Our earned insights, over the course of this journey of exploration and experimentation, have made us deeply attuned to the urgency of tackling misinformation. Even more importantly, they have awakened us to the real possibility of solving an “insoluble” problem.

Some smarts, lots of empathy, and sheer force of will — all ingredients needed to supplant existing attention economies with one based on quality and trust.

Marq my words, we will see social 2.0 through in a world of humans and computers.

About Marcel

Marcel studies Political Science and Business Administration at UC Berkeley. He makes puns and has a 1210-day Duolingo streak. Together with Sohil, he cofounded Marq, a Q&A platform that rewards users with payouts for investing money in constructive answers.

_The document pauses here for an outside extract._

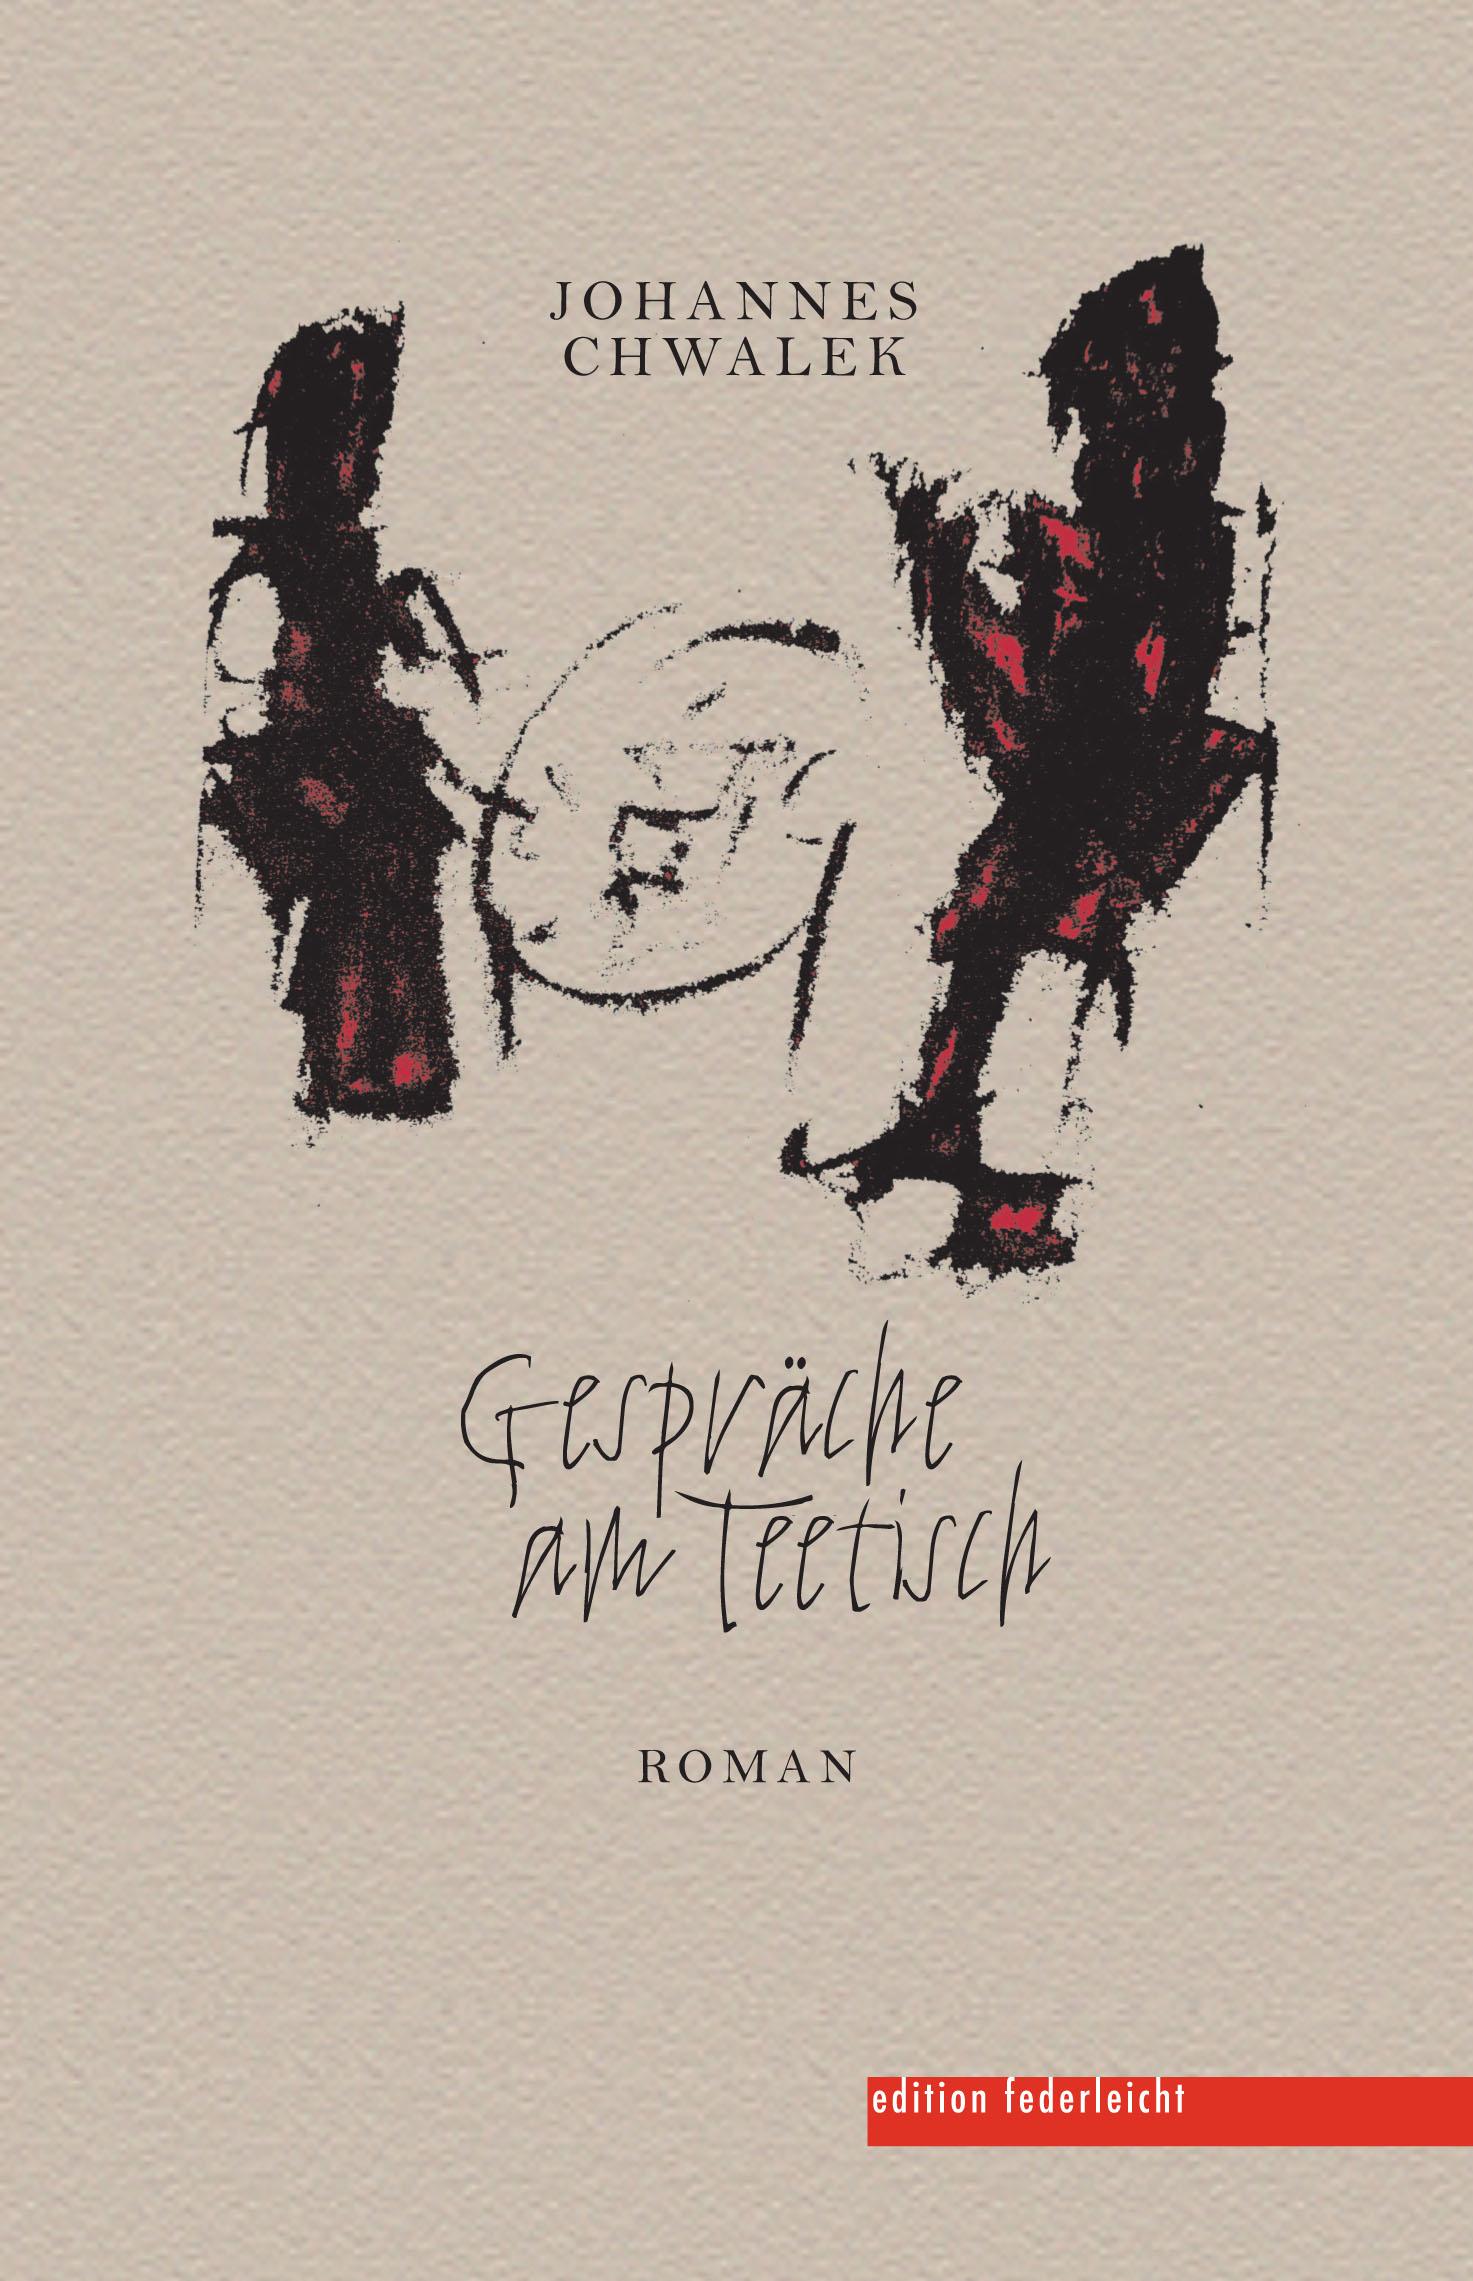 Frankfurter Buchmesse #fbm digital – Johannes Chwalek liest aus seinem Roman GESPRÄCHE AM TEETISCH

Marq is in the SkyDeck HotDesk (S20) program. The beta version is now open to the public with limited spots.

References

[1] https://www.cbo.gov/publication/43662

[2] https://www.nytimes.com/article/coronavirus-stimulus-package-questions-answers.html

[3] http://stupidfilter.org/

[4] https://www.lessonsfromhaiti.org/press-and-media/transcripts/accompaniment-as-policy/ (I’m using an edited book version)

Thank you to Sohil Kshirsagar, Claire Liu, Jennifer Lu, Keshav Rao, and Justin Duan for reading drafts.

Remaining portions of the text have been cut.